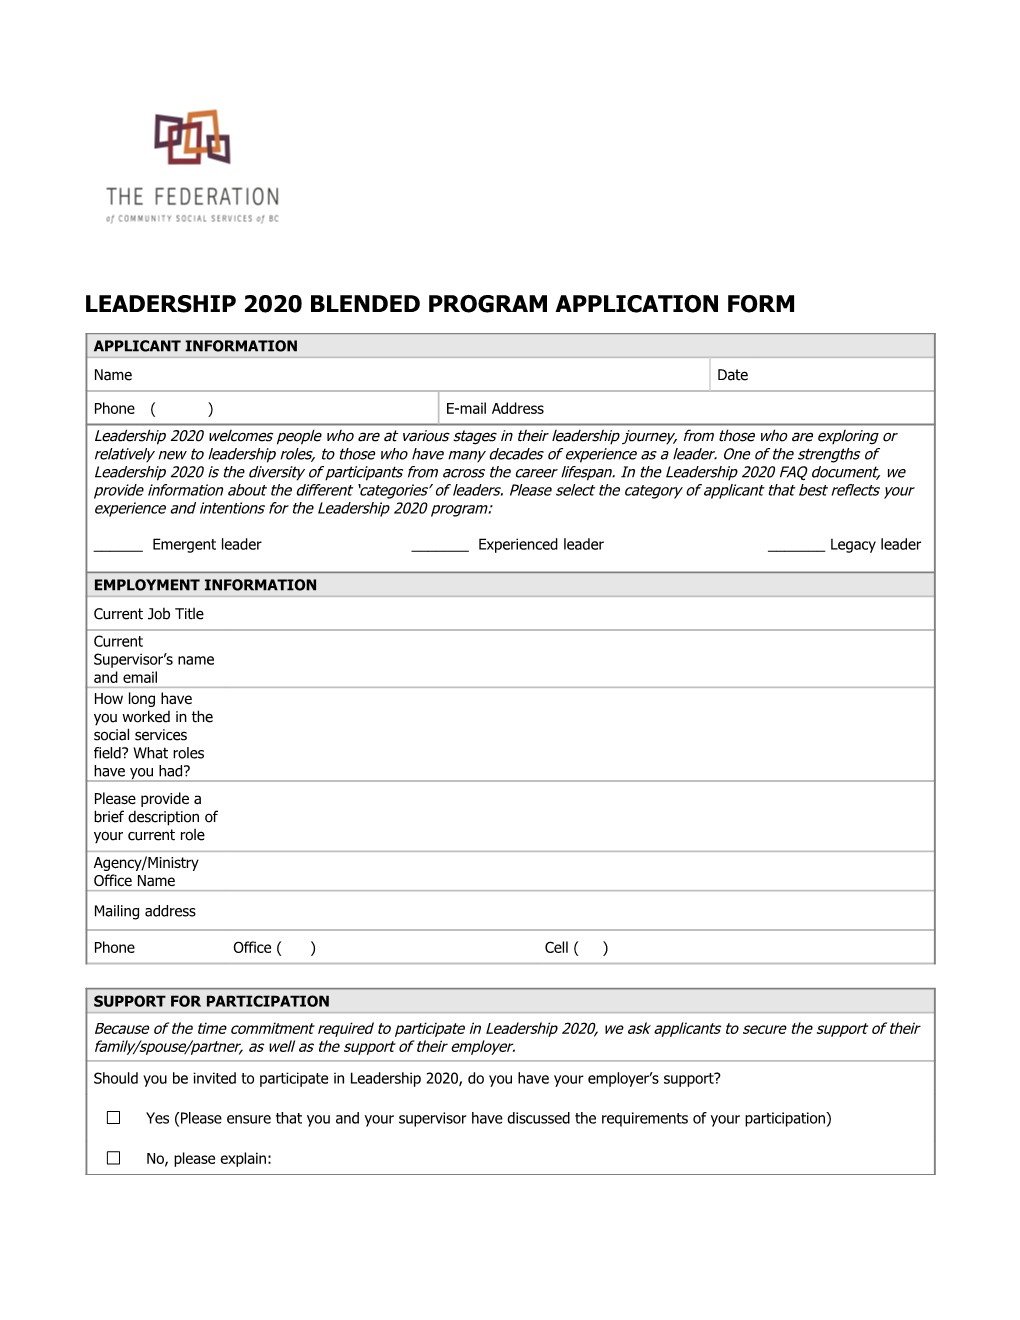 Leadership 2020 Blended Program Application Form
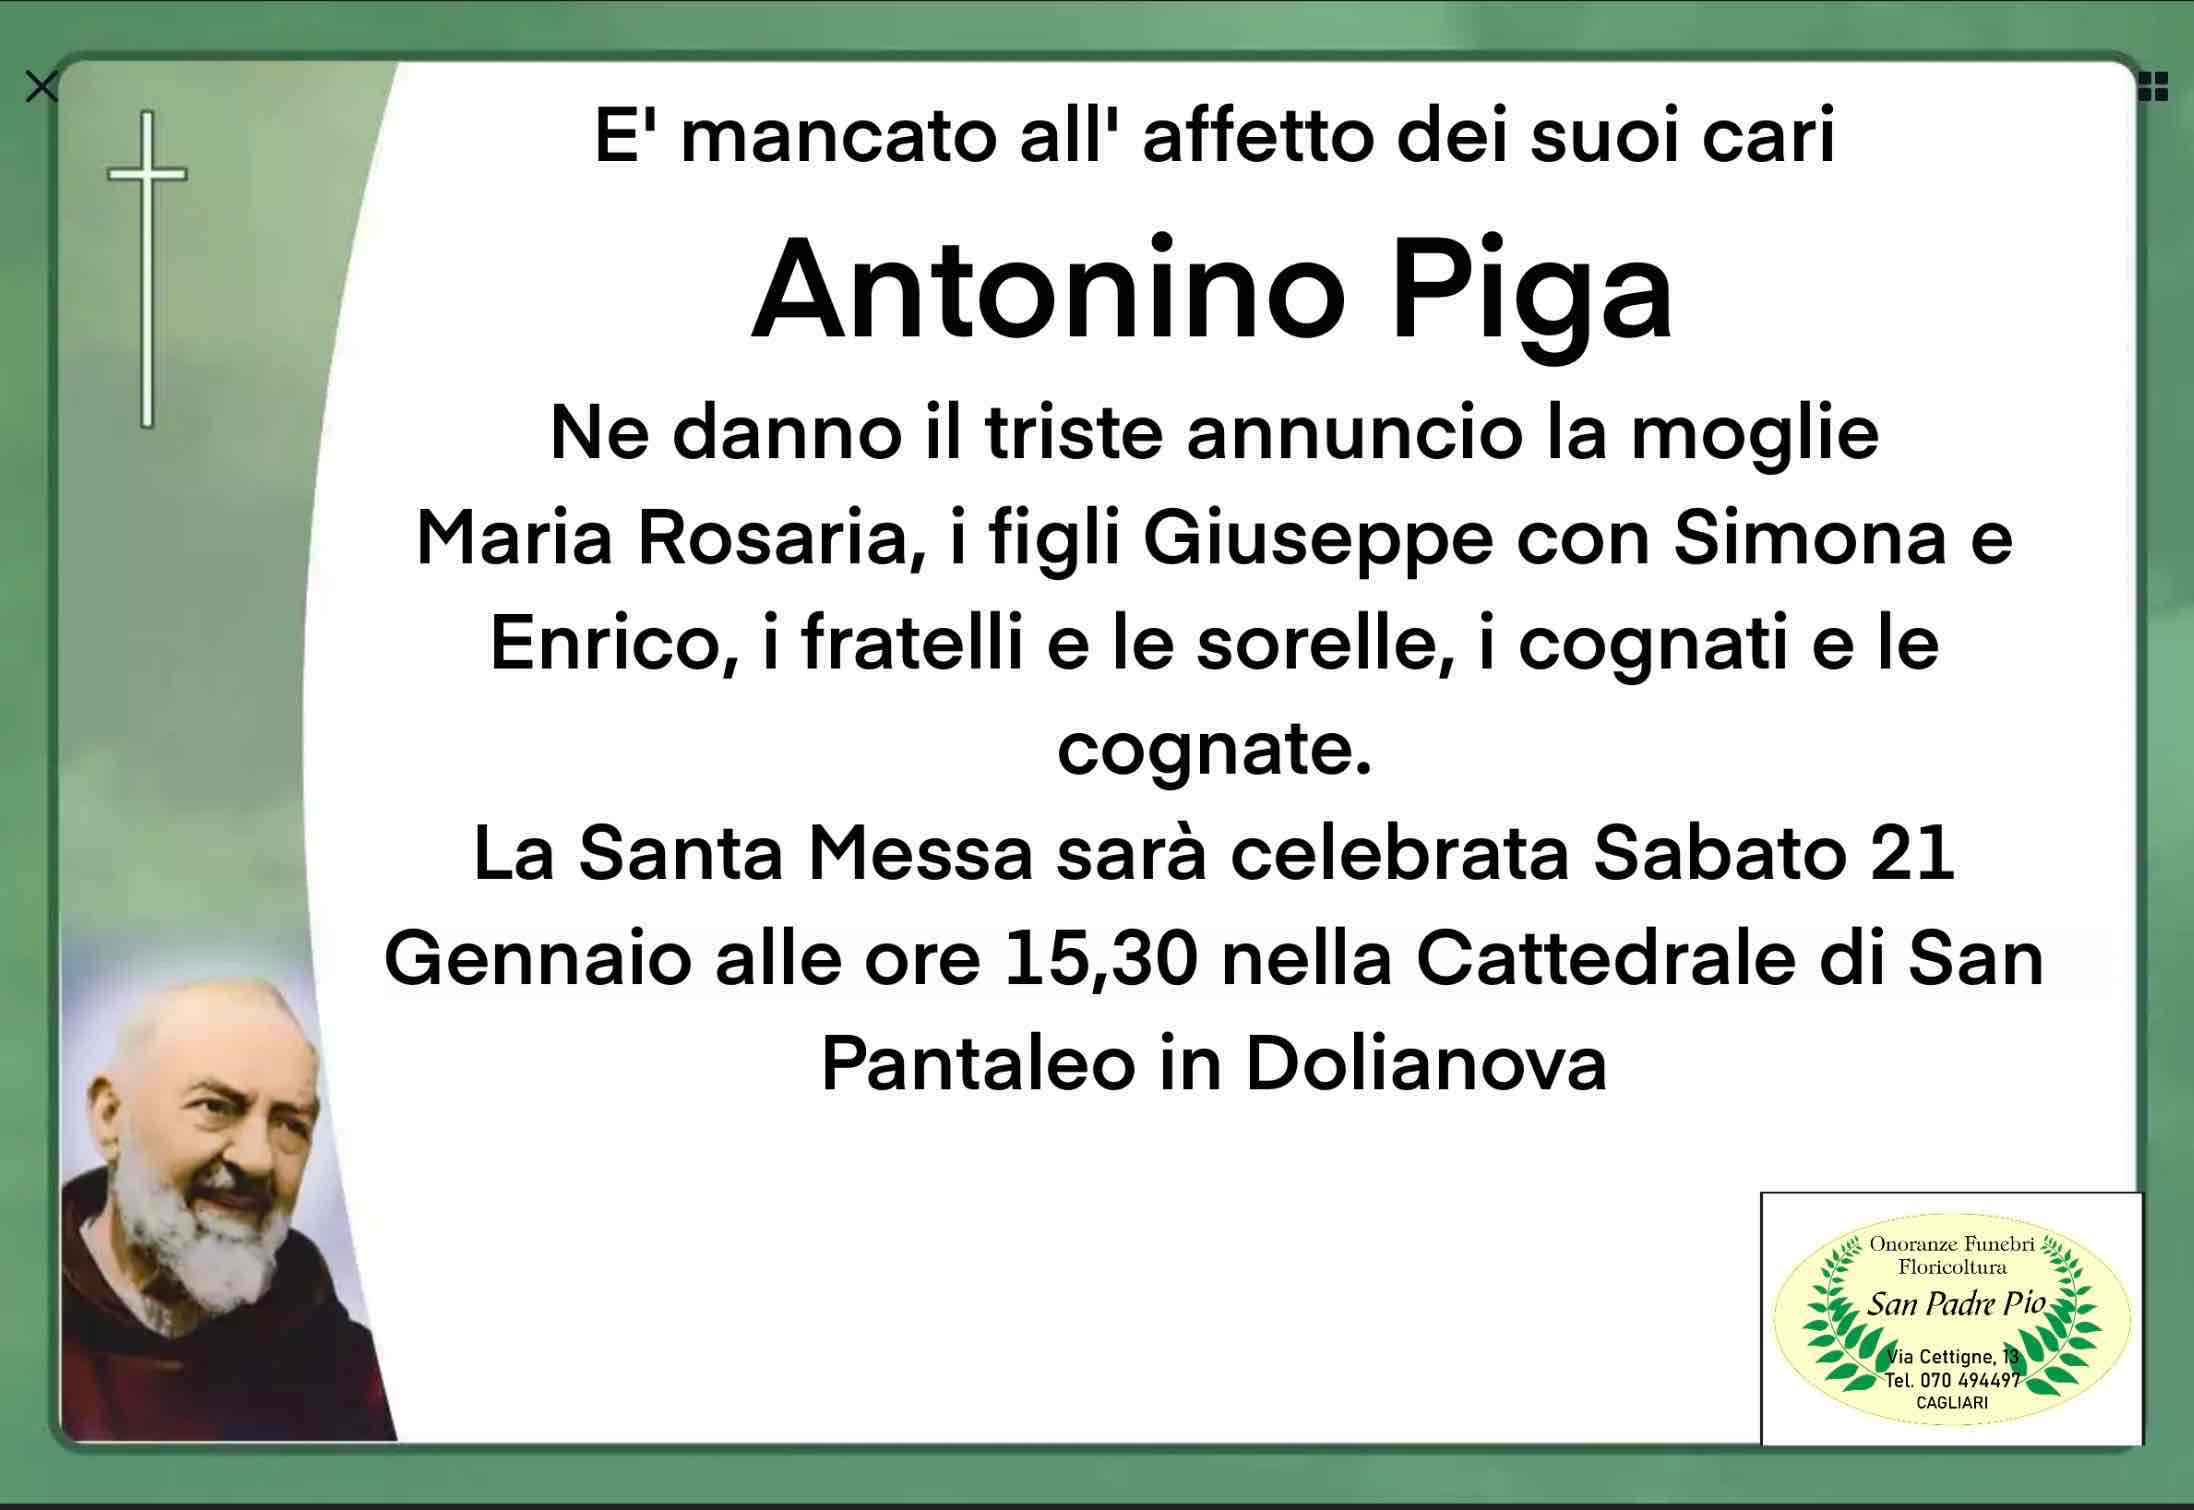 Antonino Piga
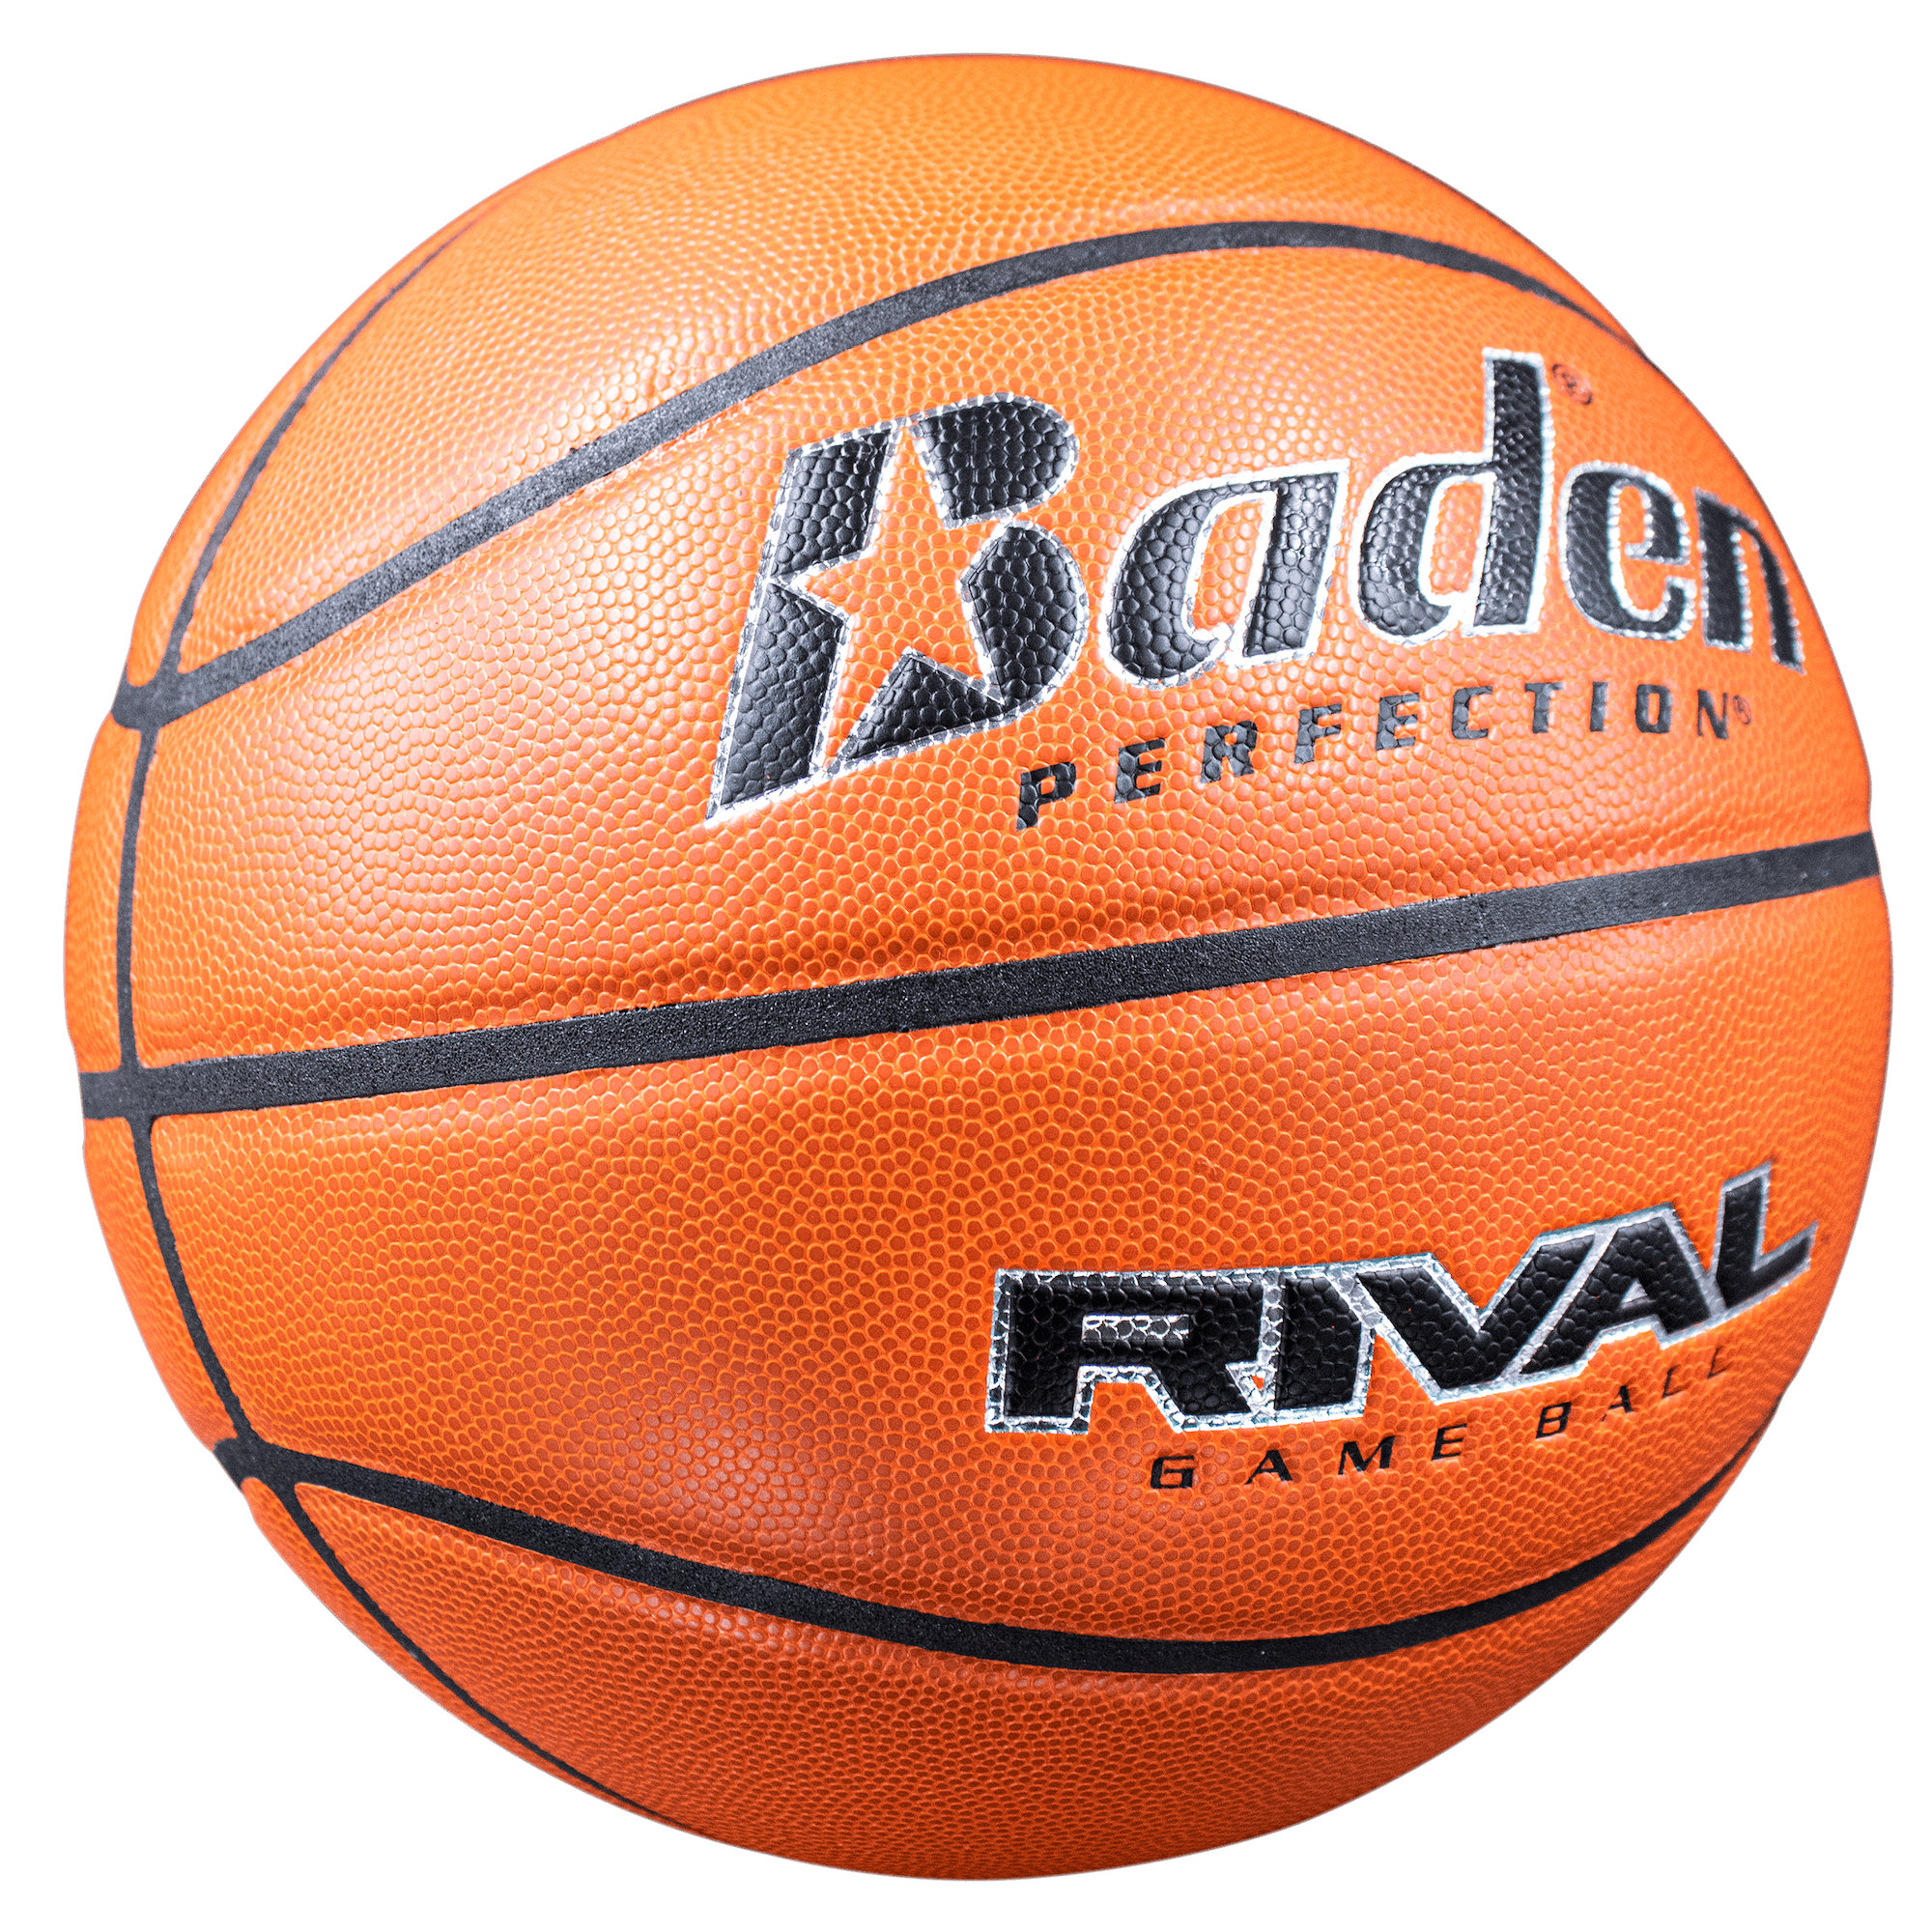 Baden Perfection Rival Game Basketballs

* _Your goal_
Repeat the listing word for word, omitting the pictures.

* _Reply to the task_
 Leadership 2020 Blended Program Application Form
 Antonino Piga
 Baden Perfection Rival Game Basketballs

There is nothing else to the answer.